Source material below:

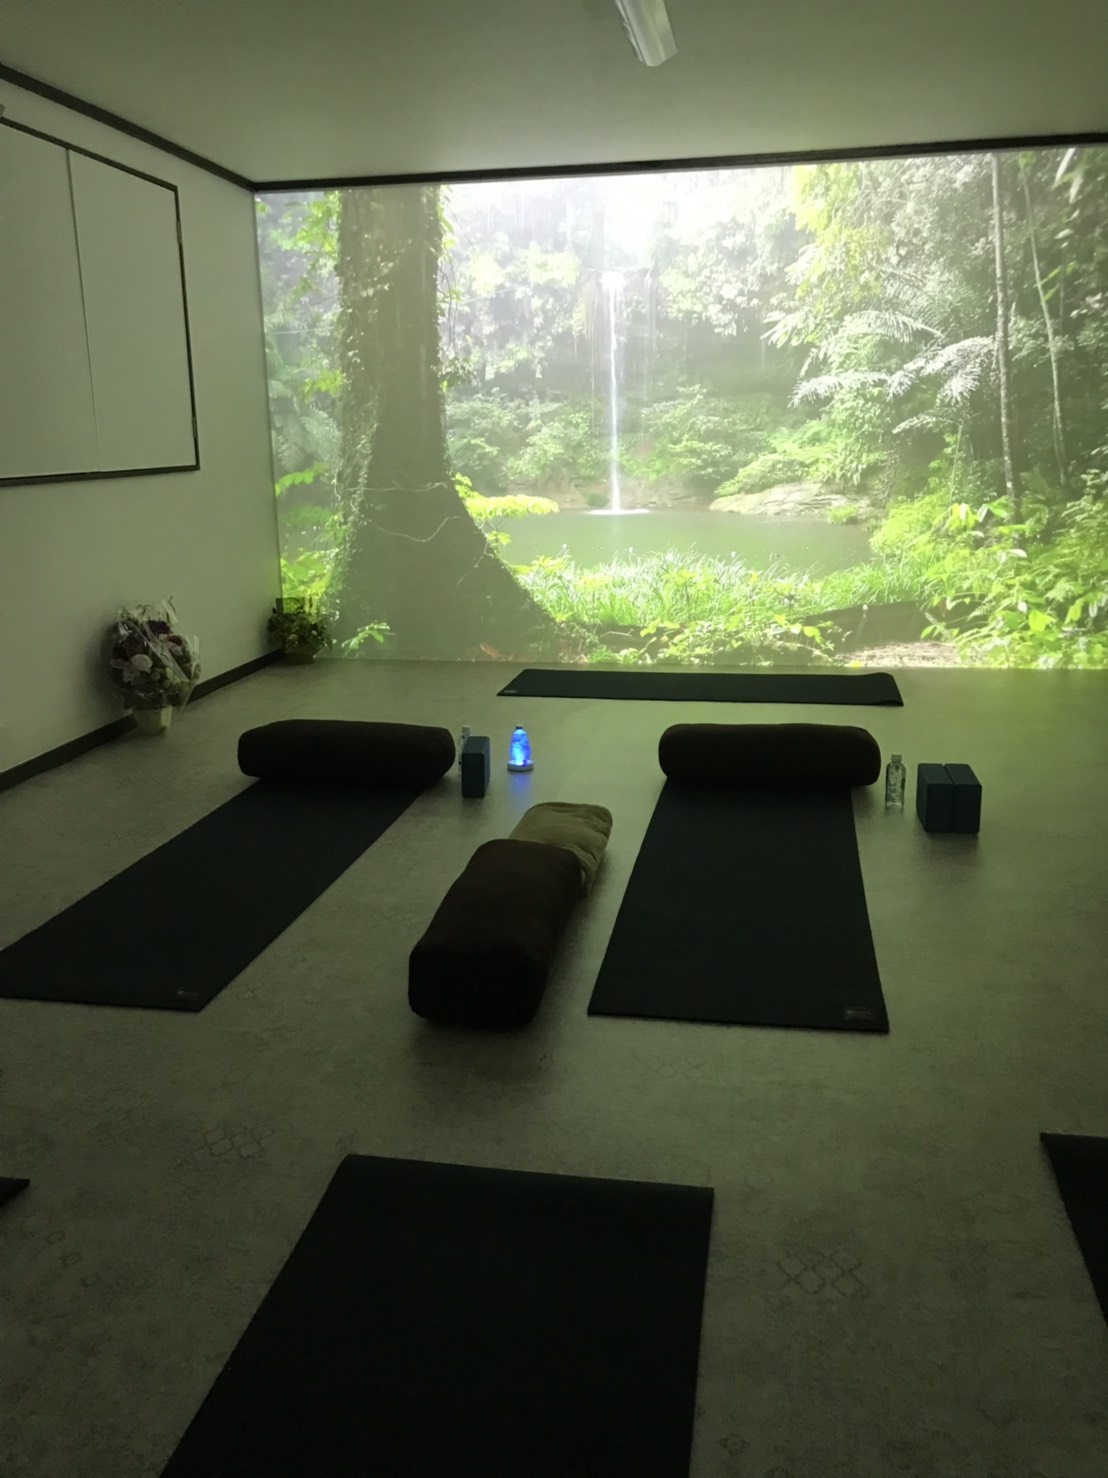 My-Yoga Studio（マイヨガスタジオ）
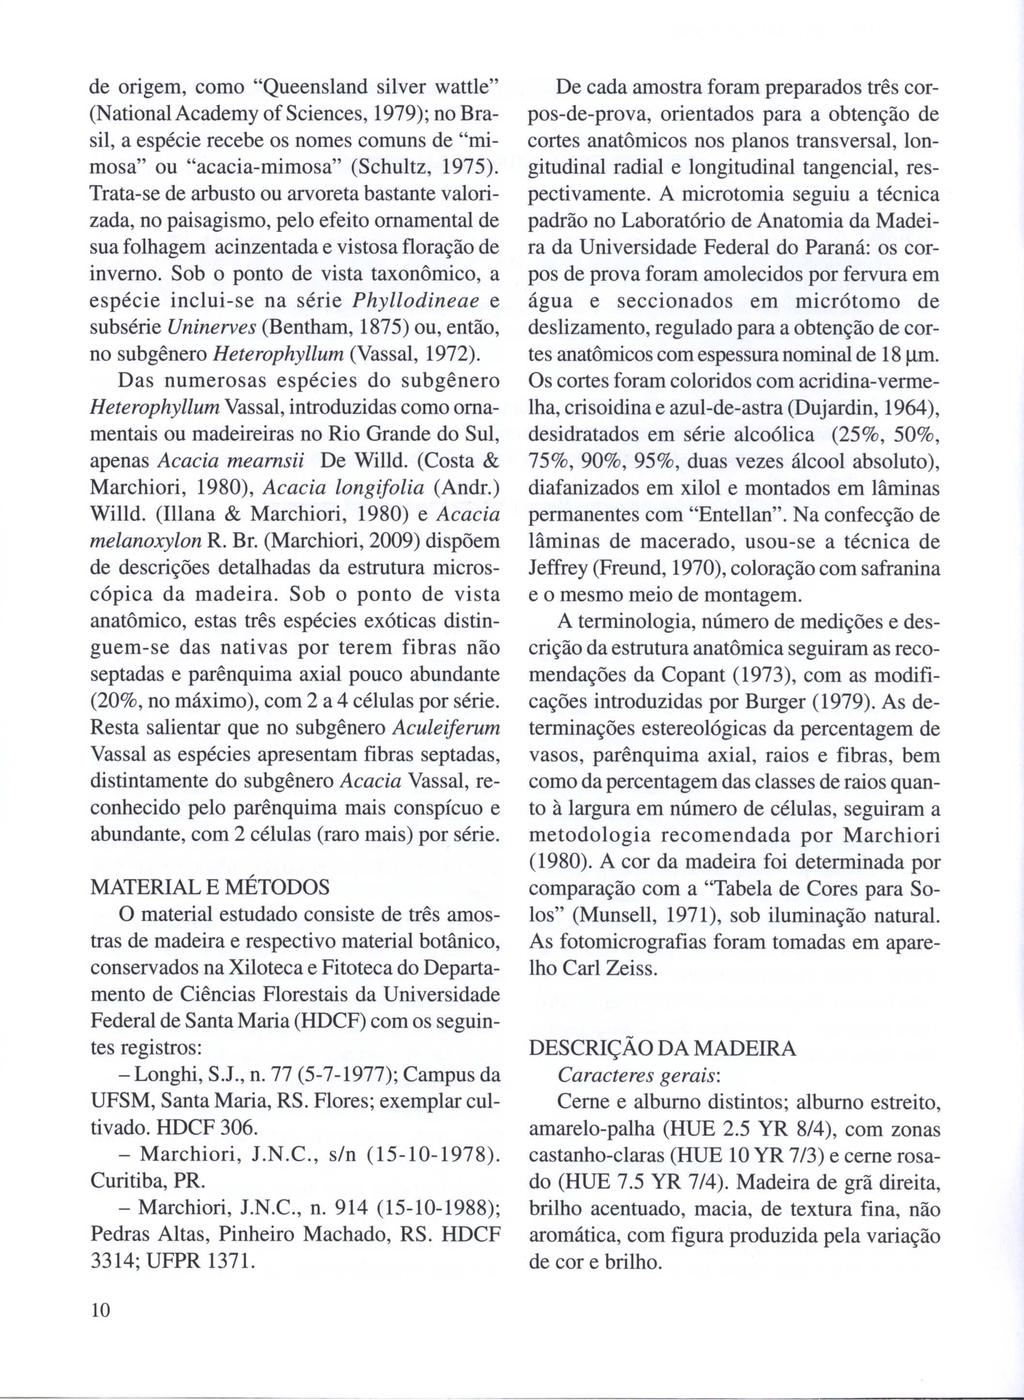 de origem, como "Queensland silver wattle" (National Academy of Sciences, 1979); no Brasil, a espécie recebe os nomes comuns de "mimosa" ou "acacia-mimosa" (Schultz, 1975).
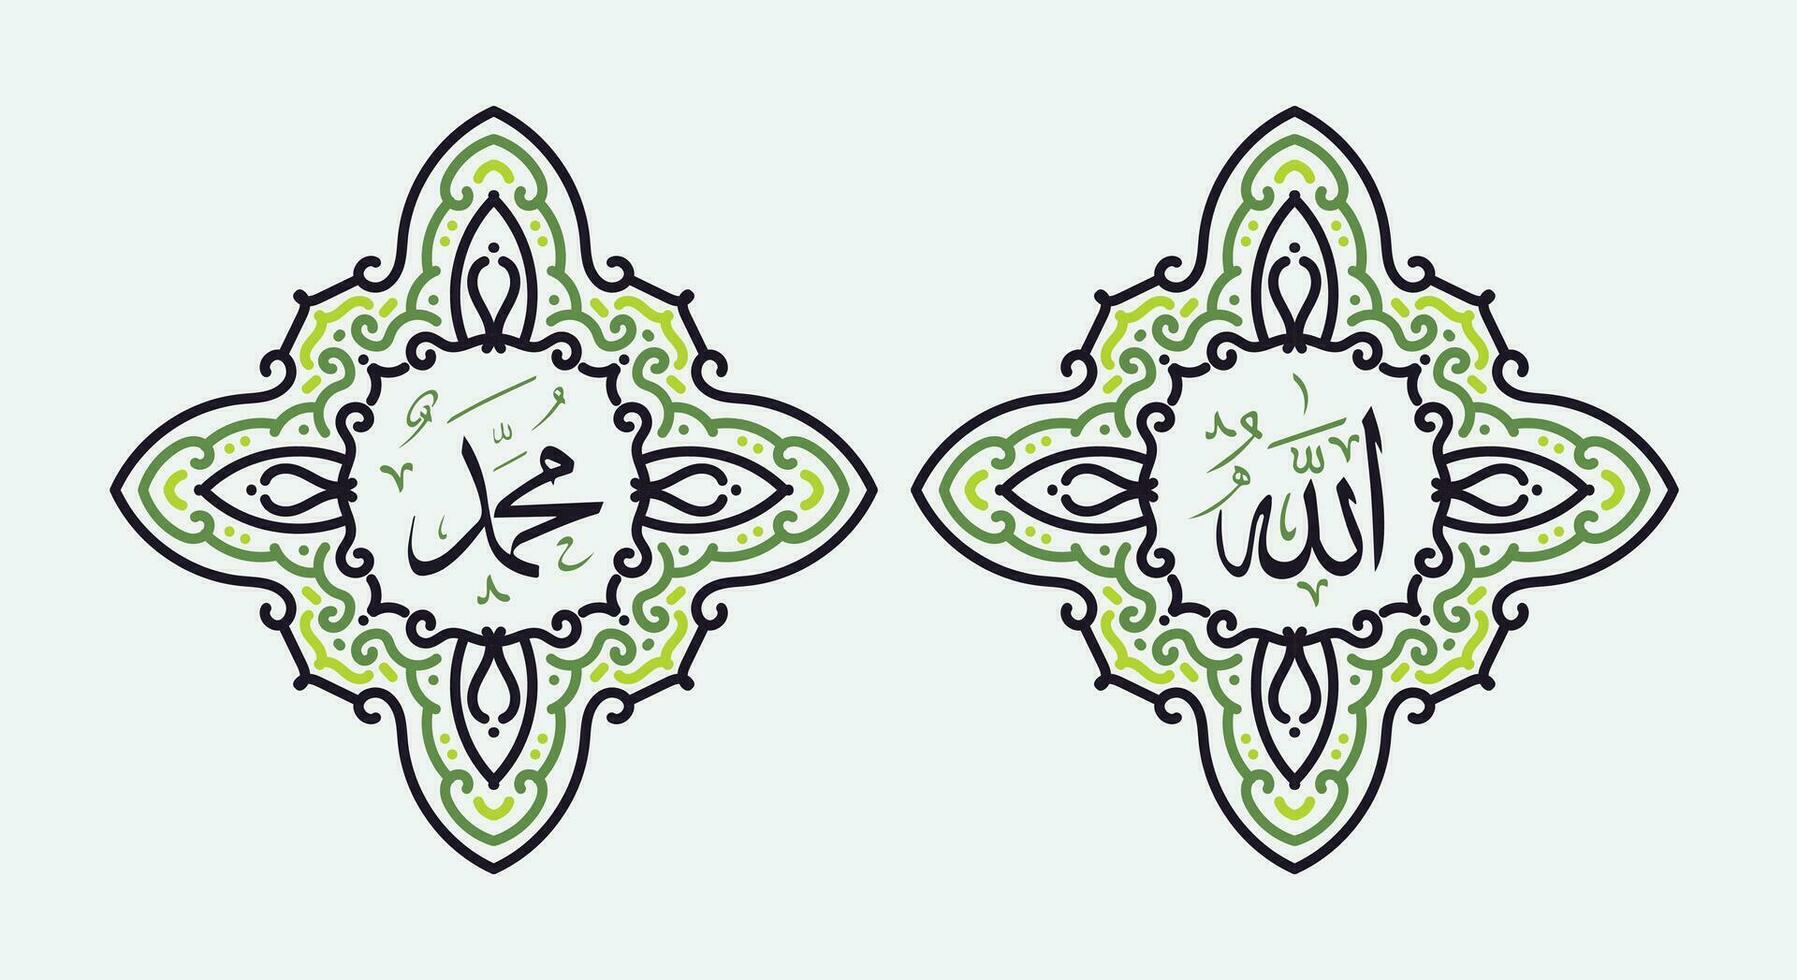 Översätt detta text från arabicum språk till i engelsk är muhammed, allah. så den betyder Gud i muslim. uppsättning två av islamic vägg konst. allah och muhammad vägg dekor. minimalistisk muslim tapet. vektor

End of Source material.

> _What you are asked to do_
Retype, word for word, only the line holding "de origem, como" and the lines after it through the final line of the listing above, and leave every picture out.

> _Response_
 de origem, como "Queensland silver wattle" (National Academy of Sciences, 1979); no Brasil, a espécie recebe os nomes comuns de "mimosa" ou "acacia-mimosa" (Schultz, 1975).
 Översätt detta text från arabicum språk till i engelsk är muhammed, allah. så den betyder Gud i muslim. uppsättning två av islamic vägg konst. allah och muhammad vägg dekor. minimalistisk muslim tapet. vektor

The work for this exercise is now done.